▶ [TASK TO COMPLETE] The complete listing goes into the output exactly, without its pictures.

▶ [DATASET EXTRACT]
═══
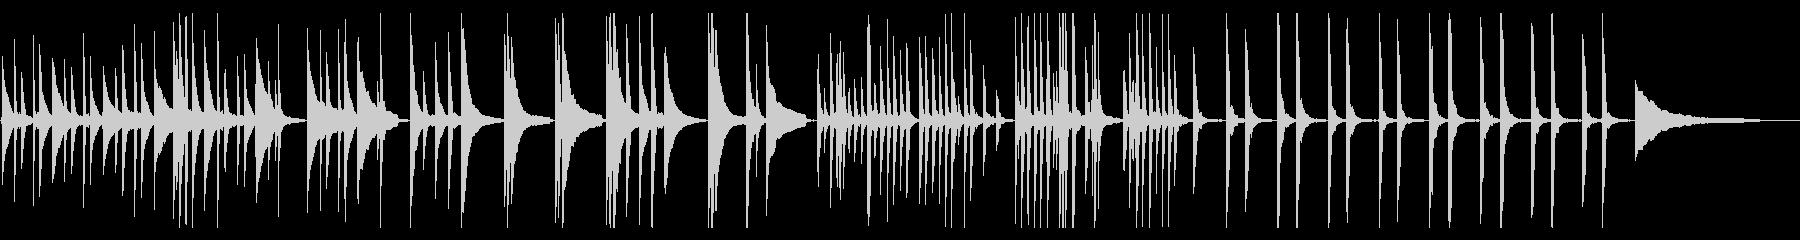 澄んだピアノ 優美で癒し、ほのぼの映像にの未再生の波形
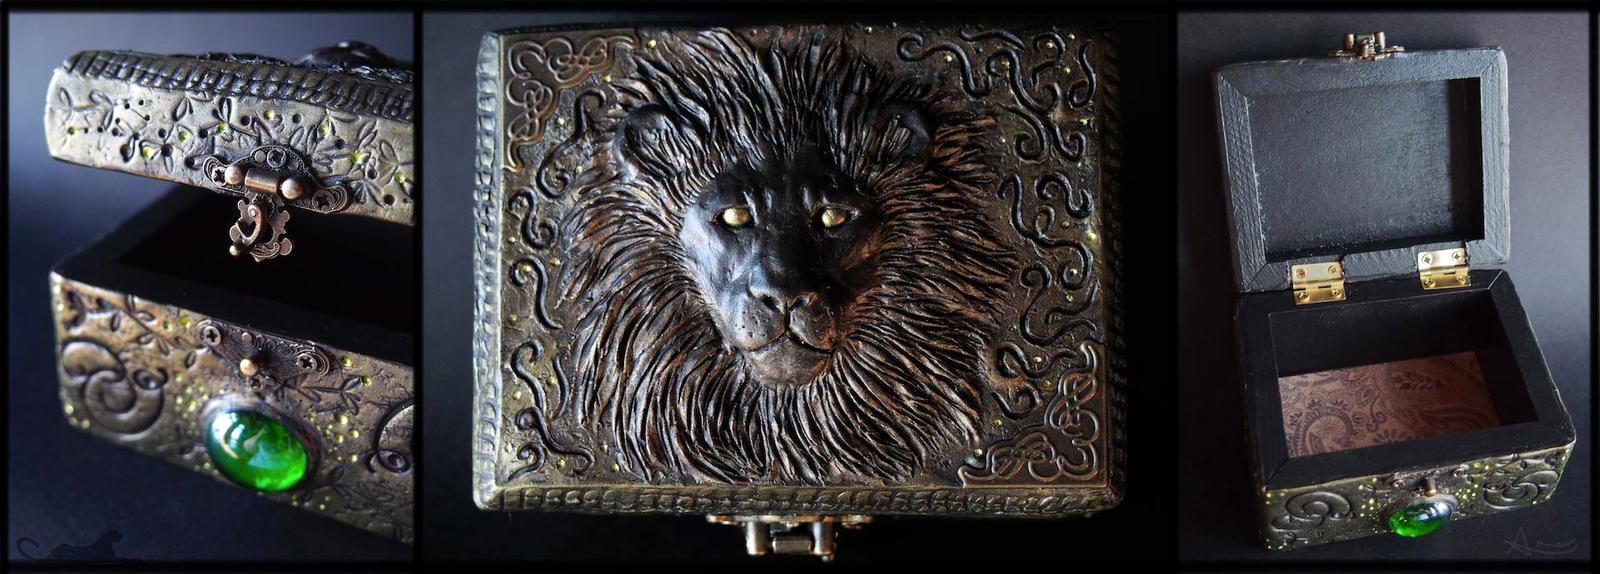 :.OOAK Lion trinket box.: by XPantherArtX
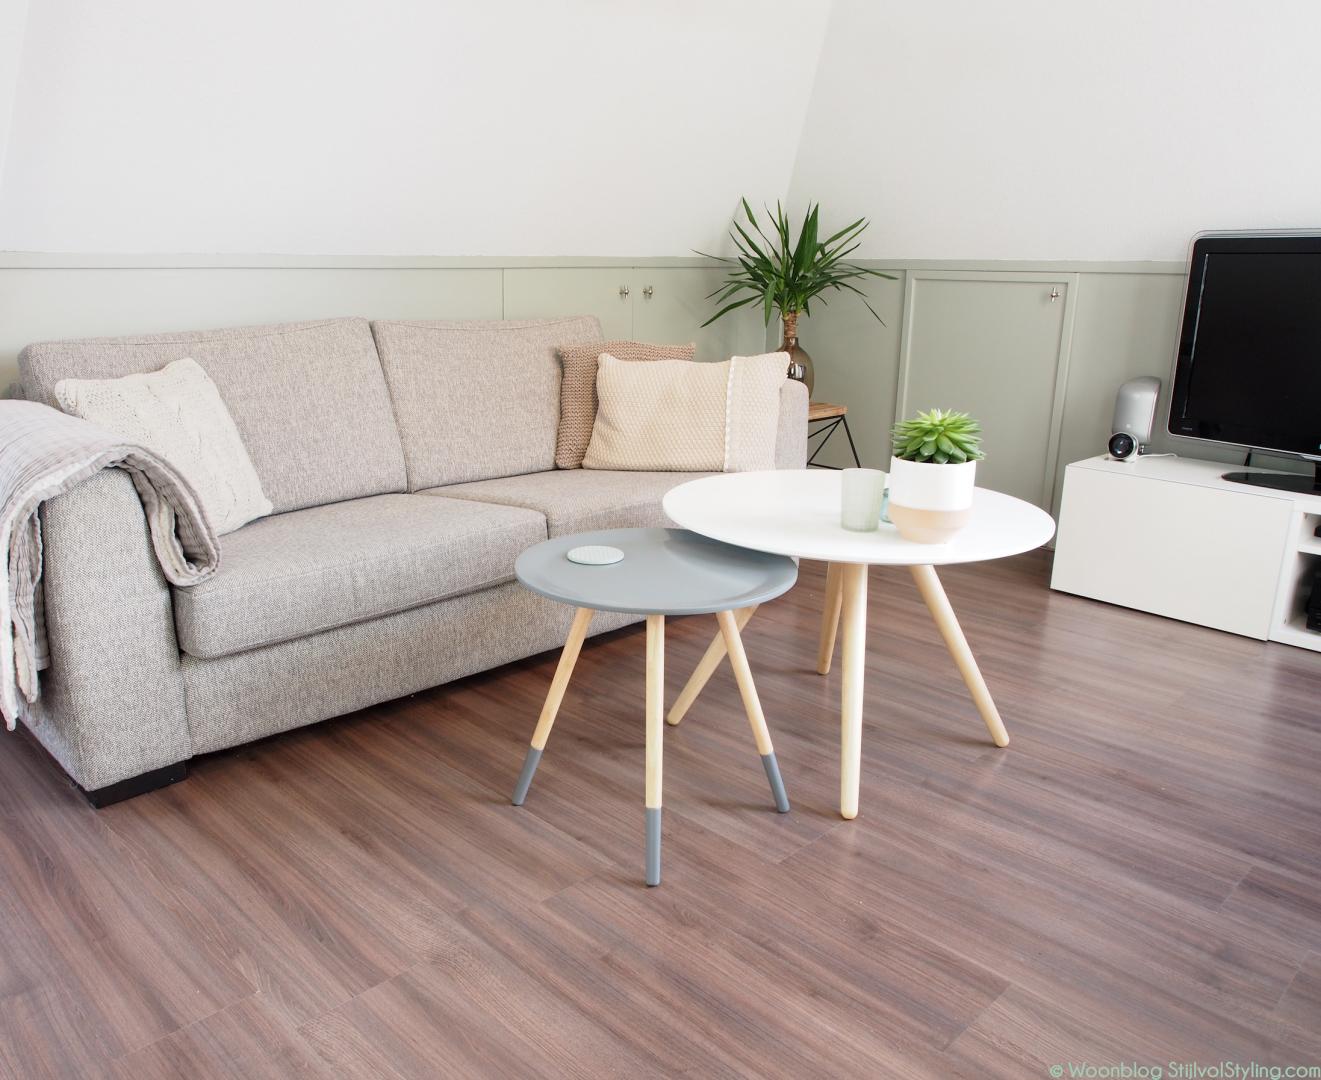 Interieur | Tips voor het kiezen van een houten vloer - © Woonblog StijlvolStyling.com
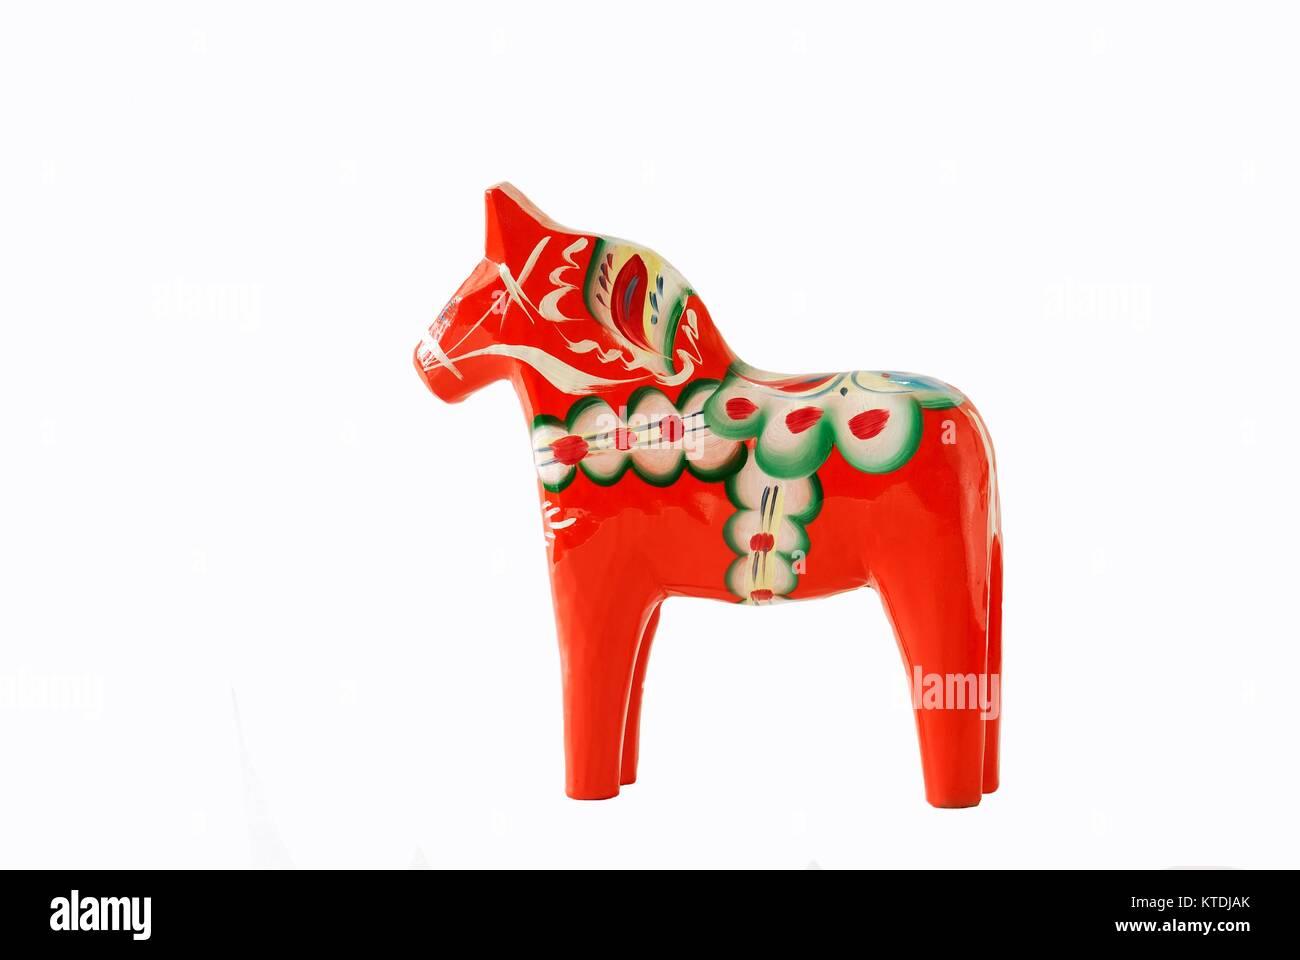 Swedish dalahorse figurine on a white background - Stock Image
═══
▶ [RESULT OF THE EXERCISE]
 澄んだピアノ 優美で癒し、ほのぼの映像にの未再生の波形
 :.OOAK Lion trinket box.: by XPantherArtX
 Interieur | Tips voor het kiezen van een houten vloer - © Woonblog StijlvolStyling.com
 Swedish dalahorse figurine on a white background - Stock Image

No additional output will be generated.